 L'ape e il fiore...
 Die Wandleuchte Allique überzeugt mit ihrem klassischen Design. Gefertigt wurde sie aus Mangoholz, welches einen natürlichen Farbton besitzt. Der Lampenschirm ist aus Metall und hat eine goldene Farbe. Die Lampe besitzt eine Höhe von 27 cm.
****
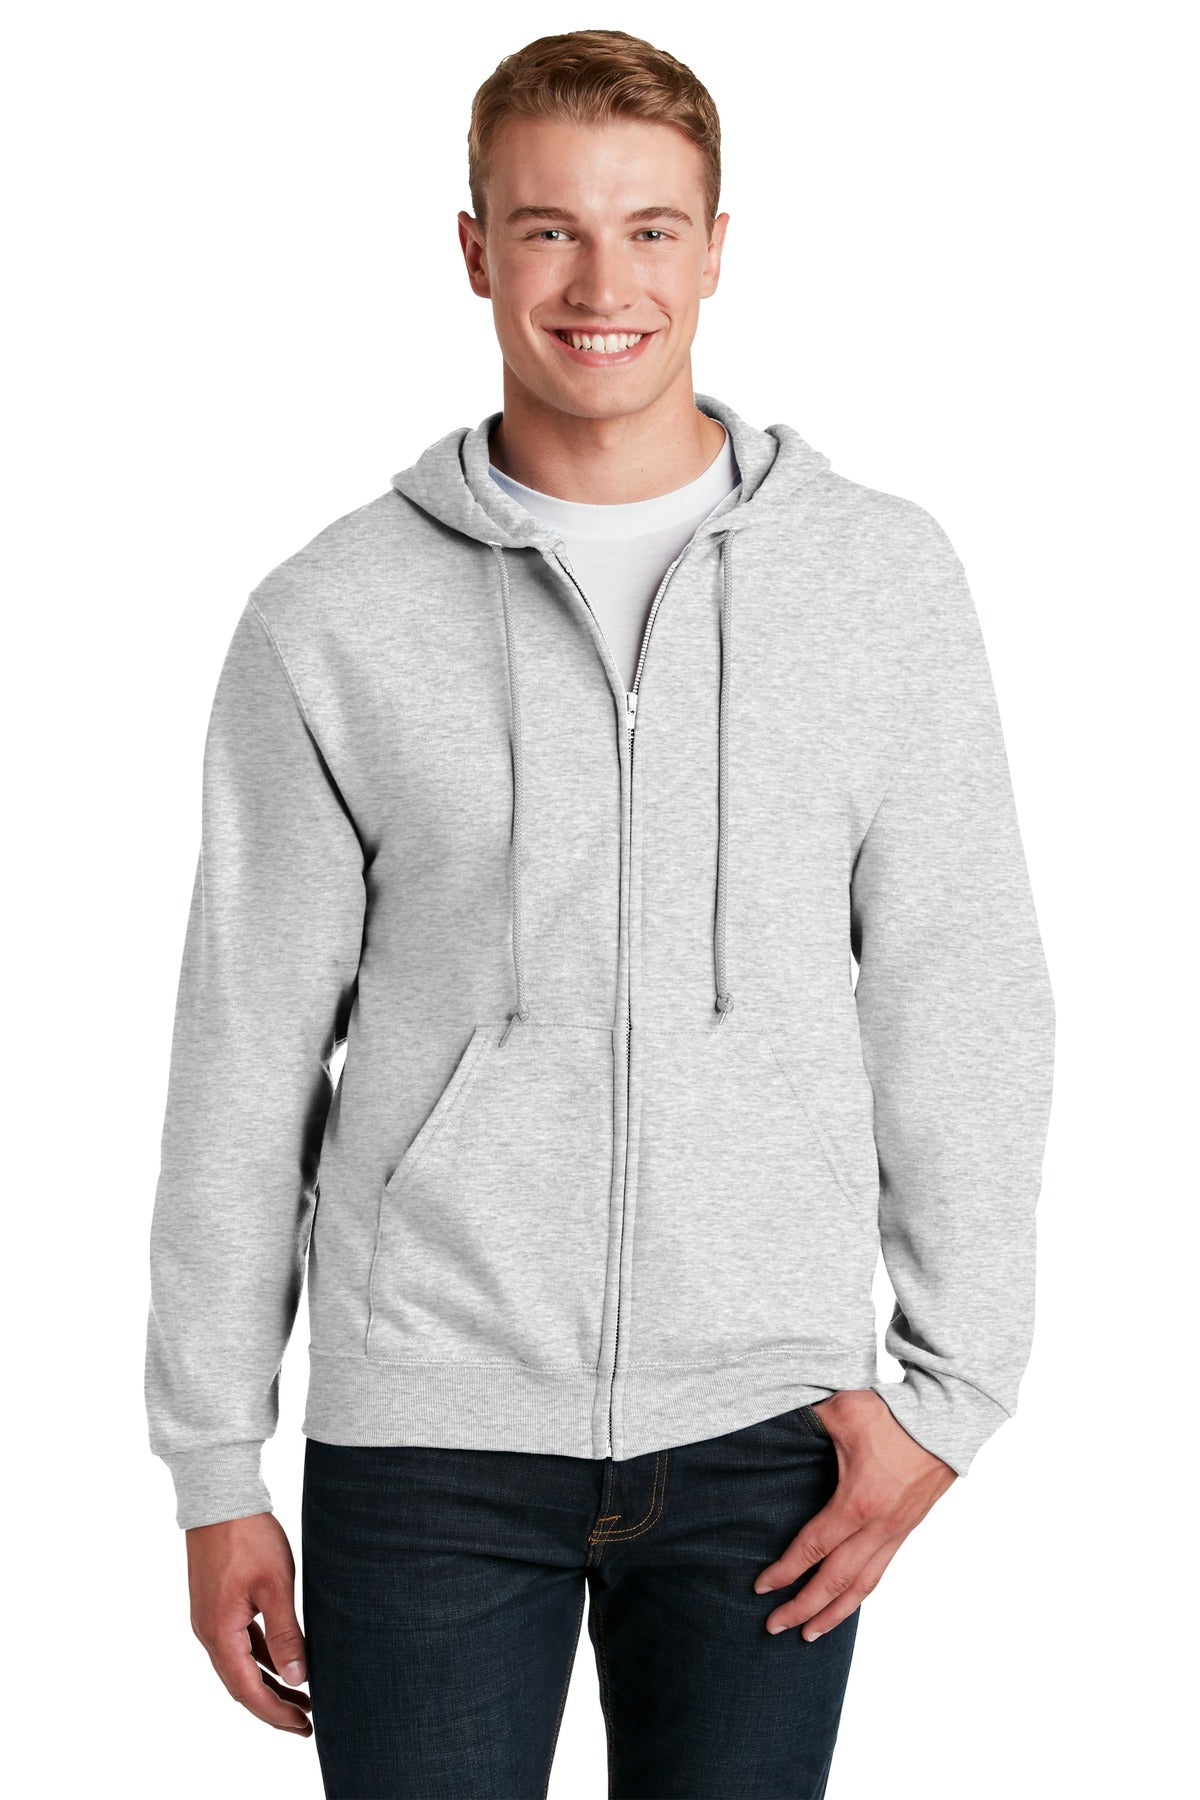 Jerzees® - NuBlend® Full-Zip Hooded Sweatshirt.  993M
****
- _What you have to do_: Above are the records; copy exactly the lines from the line with "L'ape e il fiore..." through the line with "Die Wandleuchte Allique", both included.

- _Solution to this task_:
 L'ape e il fiore...
 Die Wandleuchte Allique überzeugt mit ihrem klassischen Design. Gefertigt wurde sie aus Mangoholz, welches einen natürlichen Farbton besitzt. Der Lampenschirm ist aus Metall und hat eine goldene Farbe. Die Lampe besitzt eine Höhe von 27 cm.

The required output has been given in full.